Mit der Ausweitung des politischen Erlebnis- und Informationshorizontes im Zuge der Globalisierung haben die herkömmlichen kommunalen und nationalen Identifikationsmuster ihre Bedeutung nicht verloren, sich wohl aber verändert. Die Nahwelt ist weniger Bezugspunkt für das Politische, aber nach wie vor von ungebrochener Bedeutung für die gesellschaftliche Alltagsaktivität. Das föderalistische Prinzip der Schweiz ist mehrheitlich unbestritten, verliert aber im langfristigen Trend an Attraktivität. Obwohl bloss eine Minderheit der Jungbürgerinnen und Jungbürger einem Mehr an Zentralismus das Wort reden, ist eine Zunahme der Zentralisierungspräferenz unverkennbar. Die Vermutung, das Nationale verliere im Zuge der Internationalisierung und Globalisierung an Bedeutung, wird durch unsere Daten nicht bestätigt.Das Nationale als «Wir»-Bezugsgrösse hat sich zwar in den 90er Jahren abgeschwächt, erlebt aber im neuen Jahrtausend als politische und gesellschaftliche Integrationsform eine Renaissance. Staat und Nation werden mehr als früher aufgrund der Leistungen und des Nutzens beurteilt, die sie vermitteln. Die instrumentelle
Sicht des Gemeinwesens hat sich über das letzte Vierteljahrhundert
tendenziell verstärkt. Die Forderung
nach mehr öffnung des Landes durch Beitritte zu internationalen Organisationen
und zum Mitmachen bei der europäischen Einigung nahm bei der Jungbürgerschaft
in den achtziger Jahren zu und erreichte Mitte der 90er Jahre ihren Höhepunkt.

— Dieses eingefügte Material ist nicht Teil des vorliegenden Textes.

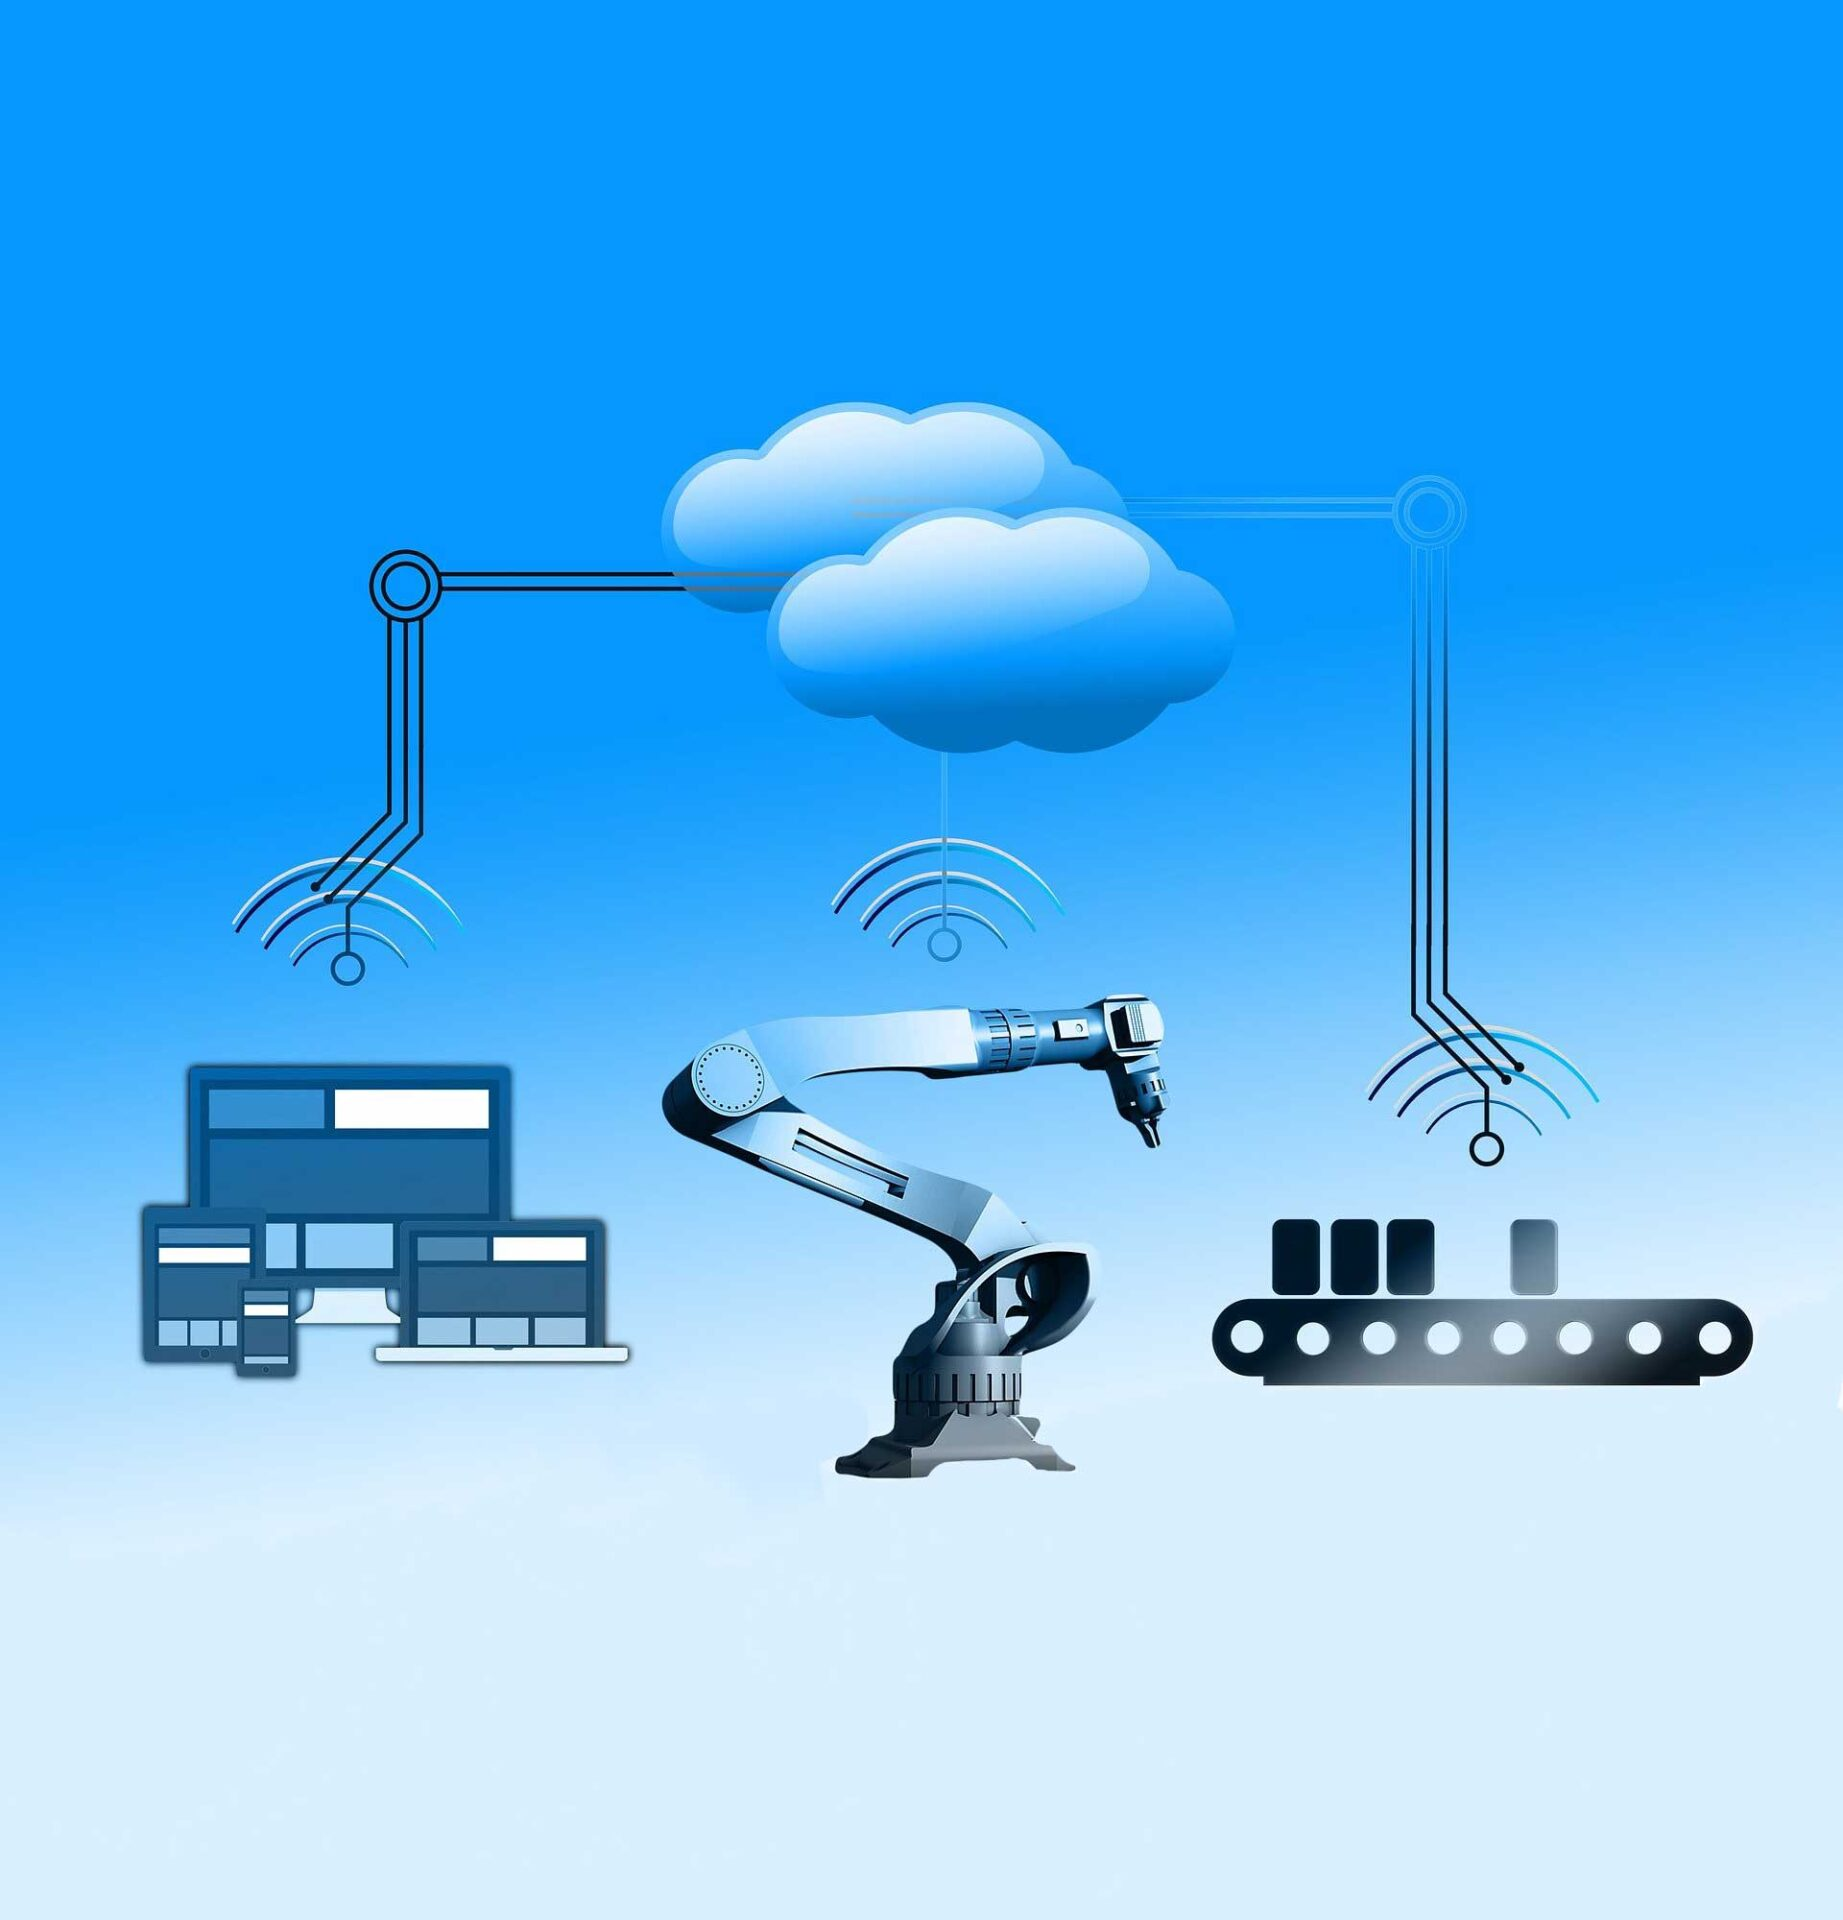 https://www.ccifrance-allemagne.fr/wp-content/uploads/2021/02/electronique_IoT_robot-scaled.jpg

Sie hat sich seither deutlich zurückgebildet und liegt in der Erhebung
von 2003 unter dem Stand von vor einem Vierteljahrhundert. Konnten 1994
vier von zehn Jungbürgern und Jungbürgerinnen zu den öffnungsbereiten
gerechnet werden, so sind es 2003 nur noch rund zwei von zehn. Dieser Stimmungsumschwung von einer erhöhten öffnungsbereitschaft
in den neunziger Jahren hin zu einem ausgeprägten Hang zum Autonomismus
ist eindrücklich.
Die früher als unkonventionell eingestuften und in der Schweiz politisch geächteten Protestformen wie Streiks und Demonstrationen haben den Charakter des Ungebührlichen bei der jungen Generation eingebüsst. Diese
sieht darin heute mehrheitlich eine legitime Form der politischen Partizipation neben anderen Formen. Die veränderte Haltung zu unkonventionellen
politischen Ausdrucksformen darf nicht mit einem Anstieg an politischer
Unzufriedenheit verwechselt werden. Die Jungbürgerschaft von 2003
gibt sich politisch zwar etwas reform- und veränderungsorientierter
als jene von 1979, drängt aber weniger aktiv auf politische Veränderungen
als jene von 1994.
Von einer Politikverdrossenheit oder einer wachsenden Distanzierung vom politischen System, wie dies zum Beispiel in Trendstudien für Deutschland konstatiert wird, ist in den vorliegenden Trenddaten für die Schweiz nichts zu spüren. Der Schluss drängt sich auf, dass ... das System der halbdirekten Demokratie mit seinen ausgebauten Mitbestimmungsrechten trotz Mängeln und Unvollkommenheiten vergleichsweise gute Voraussetzungen für die politische Integration junger Erwachsener bietet. Es wäre offenbar falsch, die allgemein tiefe Stimm- und Wahlbeteiligung der Schweizer Jungbürgerschaft vorschnell als Unzufriedenheit oder als Entfremdung vom politischen System zu interpretieren. Einiges deutet darauf hin, dass das Wissen darum, dass man sich jederzeit beteiligen kann, wenn man das persönlich will und für wichtig hält, die Legitimation des Systems in stärkerem Masse beeinflusst, als dies die tatsächliche Partizipationsrate bei Wahlen und Abstimmungen zum Ausdruck bringt.